Janet Liang, Kaiser Permanente Hawaii president, pours water on to a puolo at the groundbreaking ceremony for the company’s new Kona clinic Monday. (Brad Ballesteros/Special to West Hawaii Today)
Janet Liang, Kaiser Permanente Hawaii president, and Kahu Kealoha Sugiyama stand during the Kaiser groundbreaking ceremony Monday morning on the site, located at the corner of Queen Kaahumanu Highway and Honokohau Street. (Brad Ballesteros/Special to West Hawaii Today)
Uncle Donna Kualii lays down a laau, left, as others await their turn during the Kaiser Permanente ground breaking ceremony Monday morning at the site, on Queen Kaahumanu Highway, mauka of Honokohau Harbor. (Brad Ballesteros/Special to West Hawaii Today)
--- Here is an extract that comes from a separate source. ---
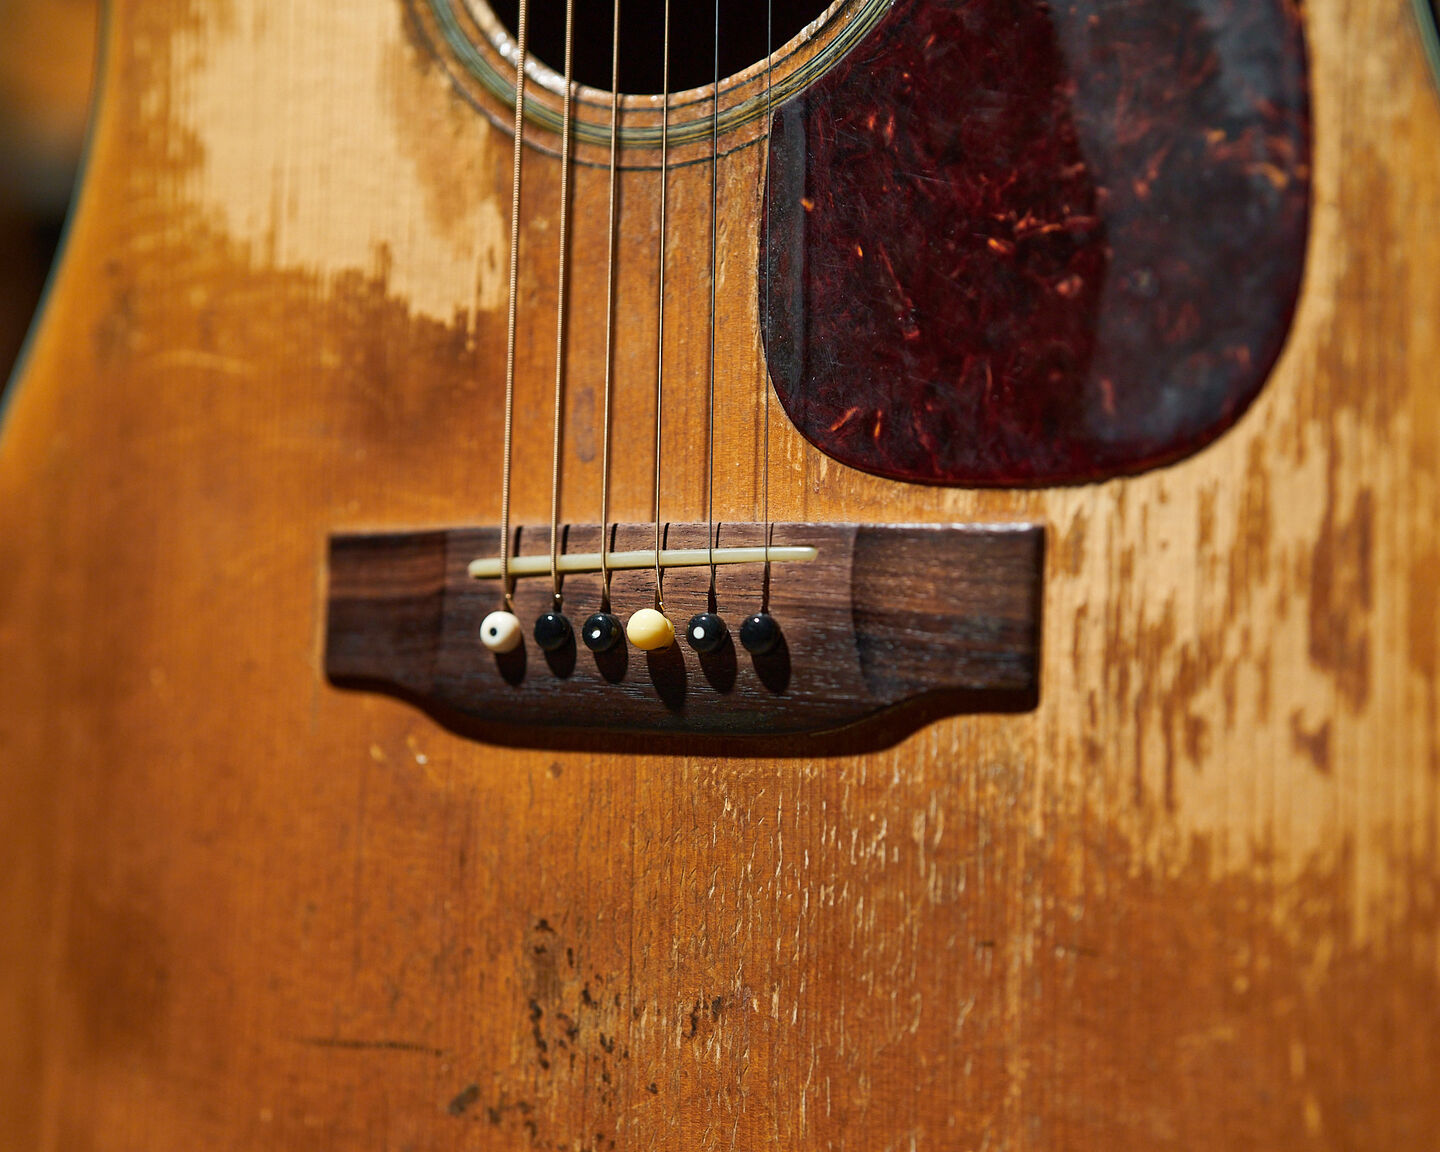 Closeup of a well-worn acoustic guitar

Kahu Kealoha Sugiyama looks on as Geoffrey Sewell, President, Executive Medical Director, Kaiser Permanente Medical Group participates in the groundbreaking ceremony. (Brad Ballesteros/Special to West Hawaii Today)
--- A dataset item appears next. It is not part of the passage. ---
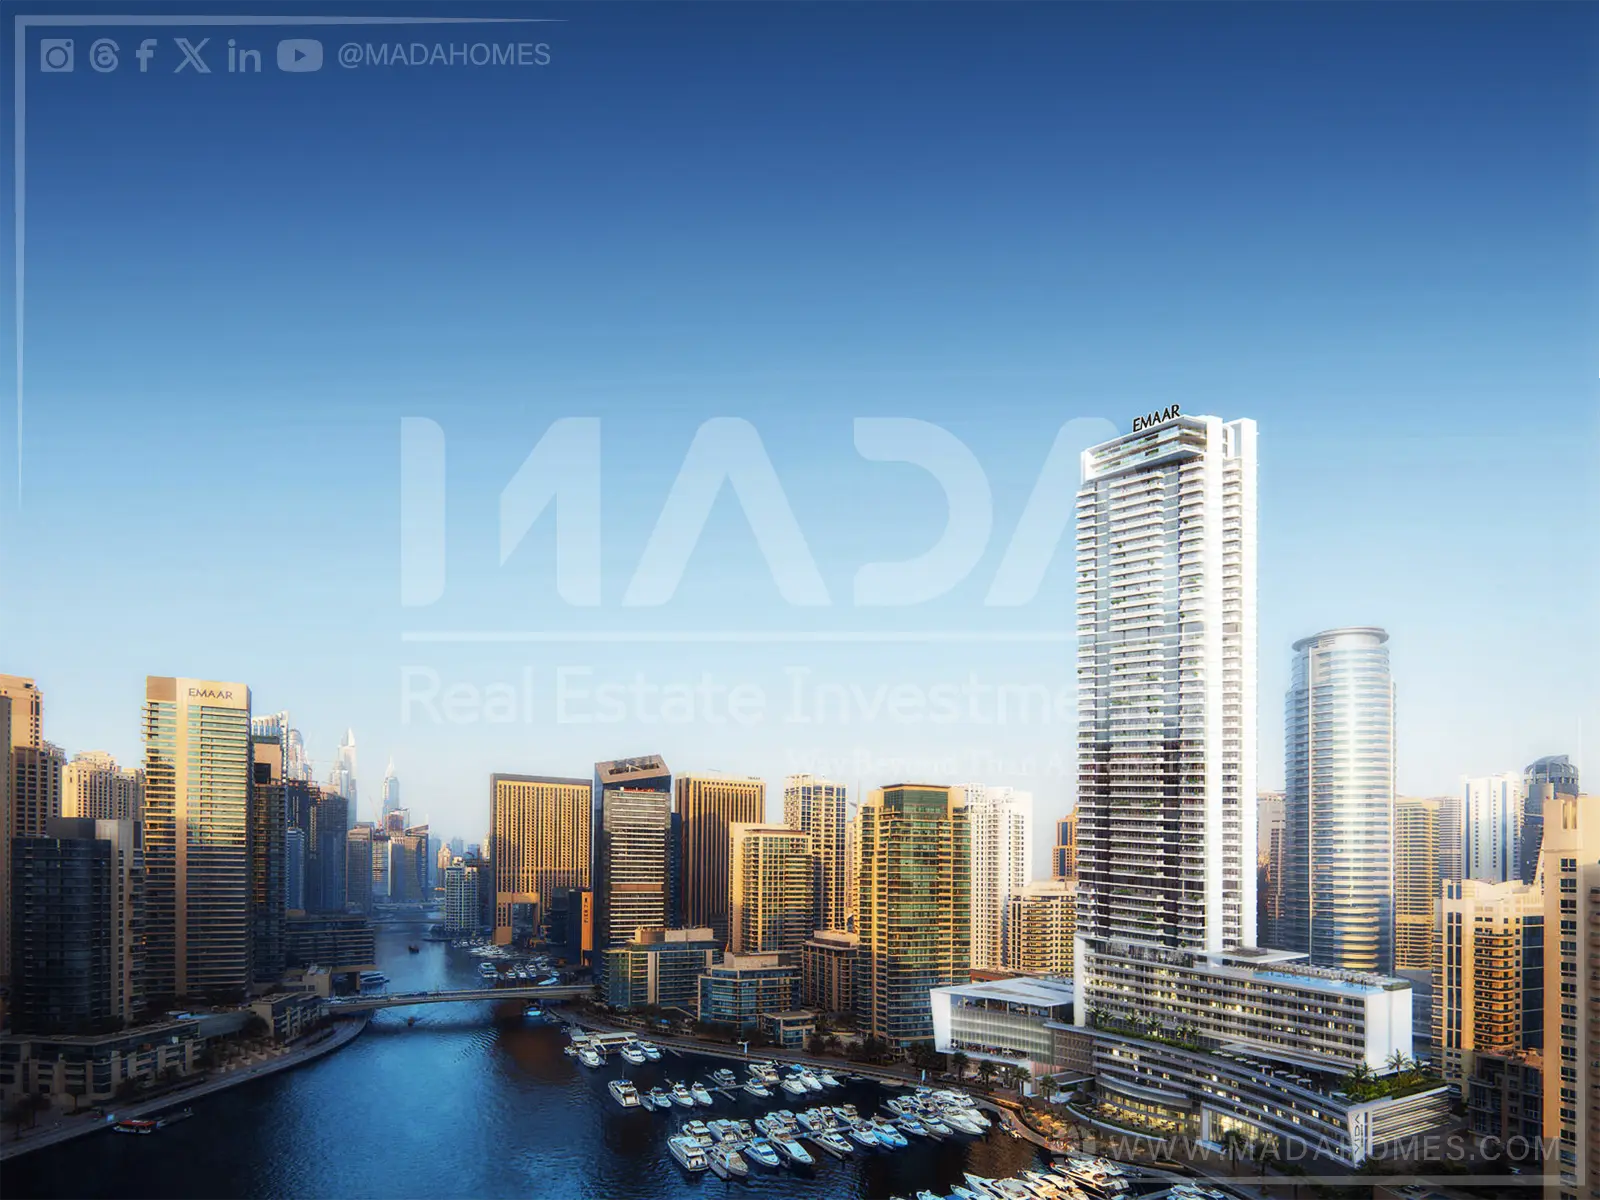 Find out the prices of Emaar Dubai apartments

Space for doctors and patients of Kaiser Permanente’s North Kona clinic will nearly triple in 2014, when the group practice is slated to open its new office space, mauka of Honokohau Small Boat Harbor.
Kaiser Permanente Hawaii kicked off the construction process Monday with a ground breaking and blessing ceremony at the site, just above Queen Kaahumanu Highway and north of Honokohau Street.
Associate Medical Director for Neighbor Islands Dr. Daryl Kurozawa recounted the medical care situation he saw while growing up in Kona.
“When I was younger, we only had three doctors,” Kurozawa said, adding those physicians were good, but they were the only doctors available.
A big change for West Hawaii residents came in 1987, when Kaiser opened its first clinic on the Big Island, in Kona, he said. The clinic has grown, now encompassing three floors of office space off Hualalai Road. But the growth there is limited, and parking is almost always a problem, he said. For a decade, Kaiser’s officials have been looking for a site to expand the clinic. Officials selected the 9.9-acre site at Honokohau about four years ago, and have been working on the site plans ever since.
The new clinic will be about 40,000 square feet, officials said. That’s more than Kaiser’s footprint on the entire island right now, Hawaii Permanente Medical Group President and Executive Medical Director Geoffrey Sewell said. The existing Kona clinic is about 14,000 square feet, the Hilo clinic is about 5,000 square feet, the Waimea office space is about 3,000 square feet and the South Kona office is a couple of thousand square feet, he said. Kaiser has about 22,000 members on Hawaii Island, he added.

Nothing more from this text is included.